Wie schwierig war es, sich auf die neue Arbeitssituation einzustellen? 
Meusburger: Unser Team ist für Remote Working gut gerüstet, als internationales Unternehmen gehörten Meetings via Videocall oder Telefon schon zuvor zu unserem Alltag. Wichtig ist mir, ganz speziell jetzt, ein besonderes Augenmerk auf die menschliche Komponente und dafür bewusst genug Raum für informelle Gespräche zu schaffen. In Zeiten der Unsicherheit ist es uns im Team wichtig, einander Halt und Struktur zu geben und Gemeinsamkeit zu schaffen. 

Welche spezielle Rolle hat man in einer derartigen Krise im Job einzunehmen? 
Meusburger: Besonders in herausfordernden Situationen sind Führungskräfte als Role Models gefordert.
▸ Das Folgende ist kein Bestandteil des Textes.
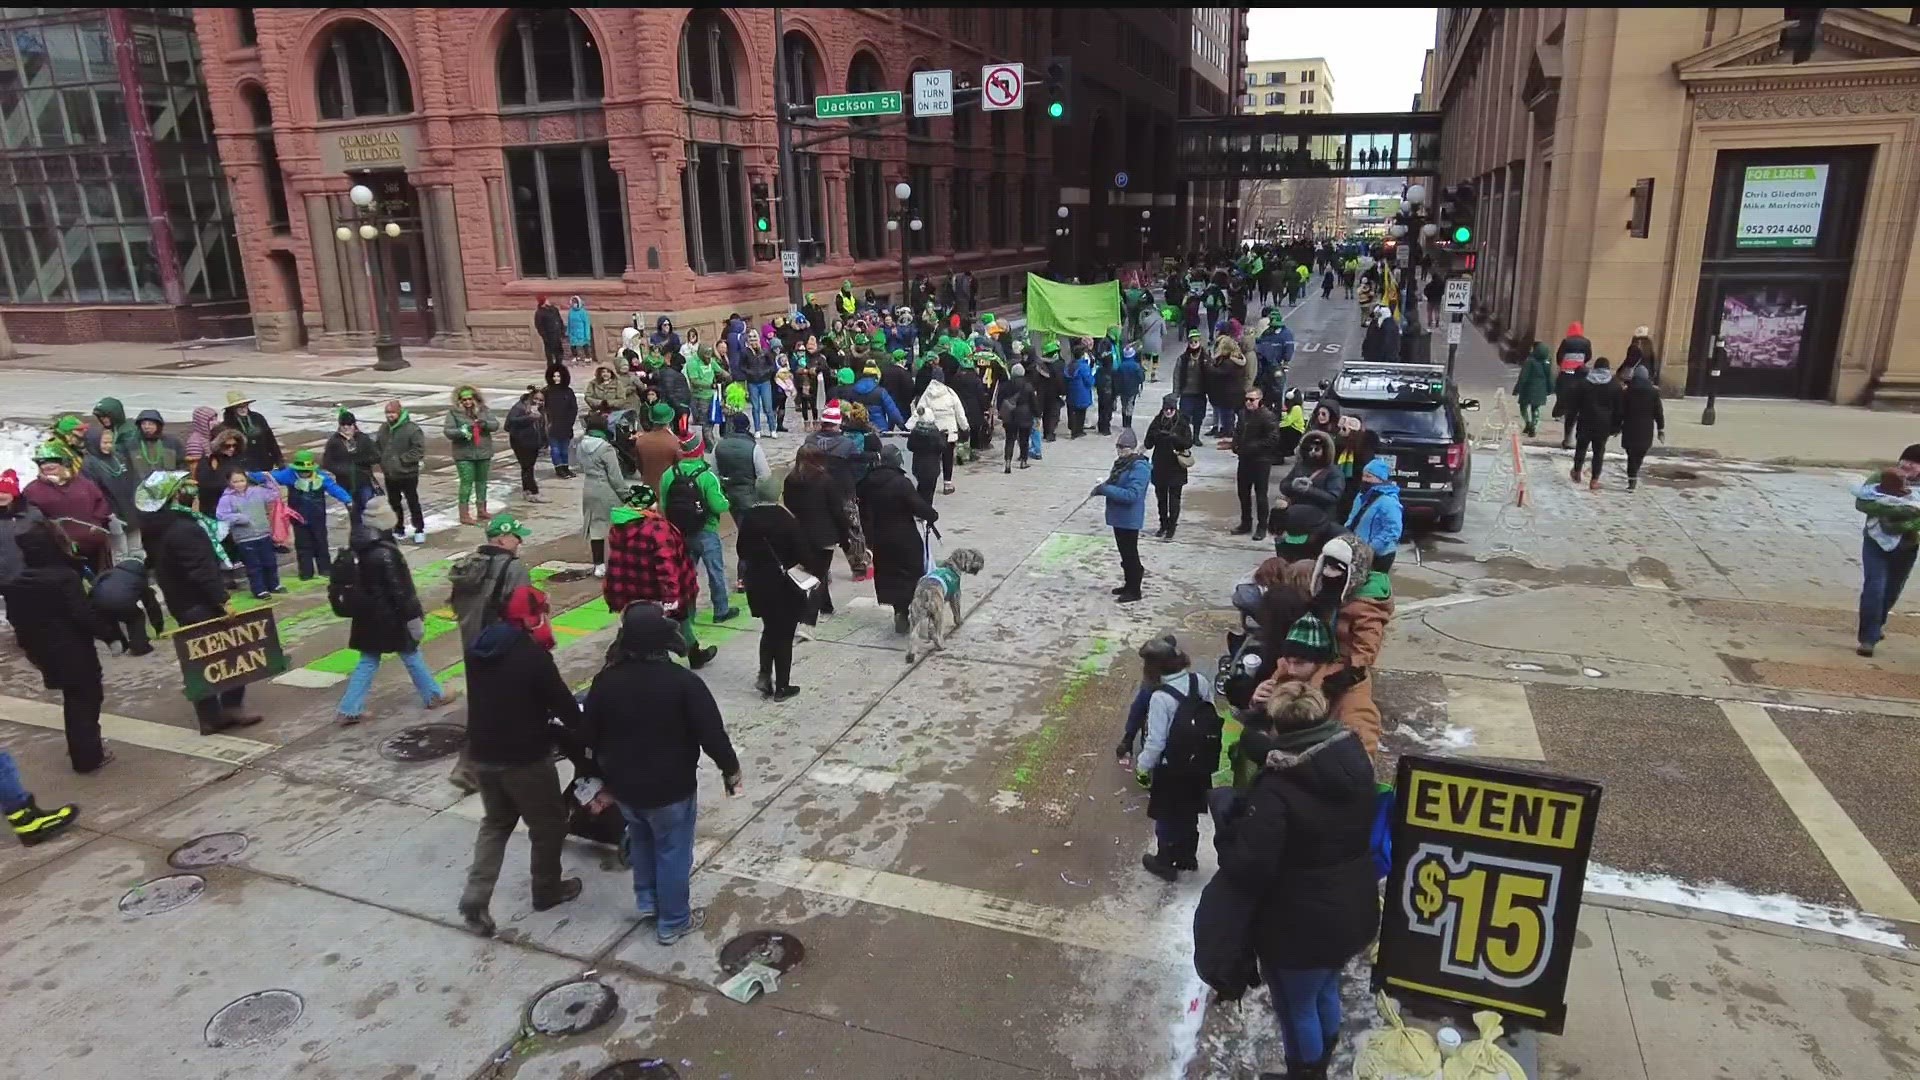 Despite the temperature, people still turned out to celebrate the coldest St. Patrick's Day in 30 years.

Eine der Erkenntnisse unserer aktuellen Studie zur Zukunft der Arbeit mit dem Fraunhofer Institut ist, dass Wandel und neue Wege von oben initiiert werden sollen, aber noch viel wichtiger von oben vorgelebt werden sollen. Hier gilt es einen Rahmen mit klaren Strukturen zu schaffen und gleichzeitig flexibel zu bleiben und ein noch offeneres Ohr für persönliche Anliegen der MitarbeiterInnen zu haben.
 
Viele sagen, man kann alles im Home­office erledigen – stimmt das bzw. inwiefern sind die Möglichkeiten im Home­office dann vielleicht doch begrenzt? 
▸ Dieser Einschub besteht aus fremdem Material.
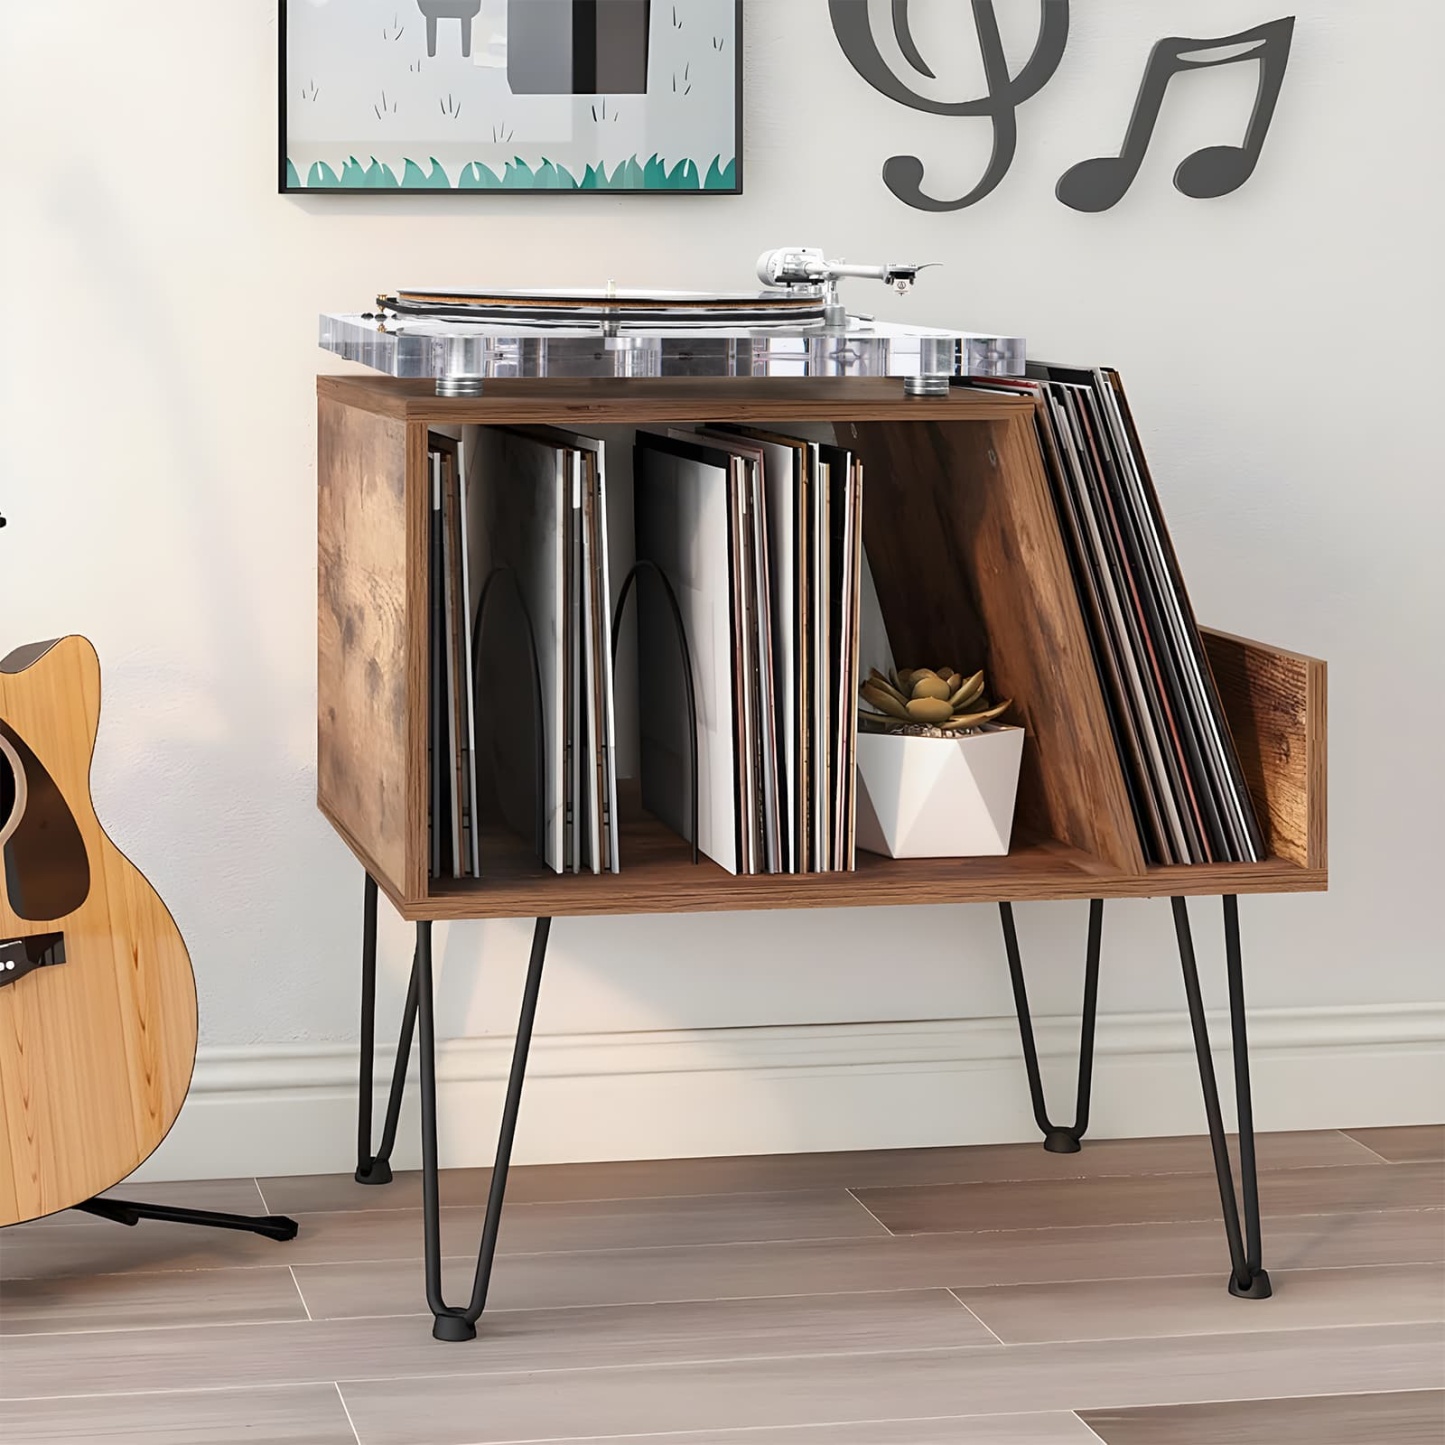 Retrolife Vinyl Record Player Stand Turntable Stand LPs Album Storage Cabinet for Bedroom Living Room Office RMD2

Meusburger: Aktuell erleben wir den größten Stresstest für das Konzept ­Homeoffice. Unternehmen sowie MitarbeiterInnen sehen, was funktioniert, was aber auch nicht. Aufgaben wie konzentriertes Arbeiten können zu Hause gut gelingen, hier muss man allerdings zwischen unterschiedlichen persönlichen Situationen unterscheiden. Wer neben seiner Arbeit auch Kinder betreuen muss, wird das Homeoffice oft nicht als Ort für fokussierte Tätigkeiten wahrnehmen. Arbeitsplätze müssen für unterschiedliche Tätigkeiten, ganz egal wo, gewisse Qualitäten erfüllen und so zeigt sich im Moment auch, was uns am Büroalltag besonders fehlt: der Ort der Begegnung, des Austausches, an dem wir Kollegen spontan treffen, an dem wir in der Gruppe arbeiten. In unserer Studie war genau auch dies eines der Ergebnisse. Menschen brauchen beides, sie brauchen Orte für Konzentration und auch Raum für die Begegnung mit anderen.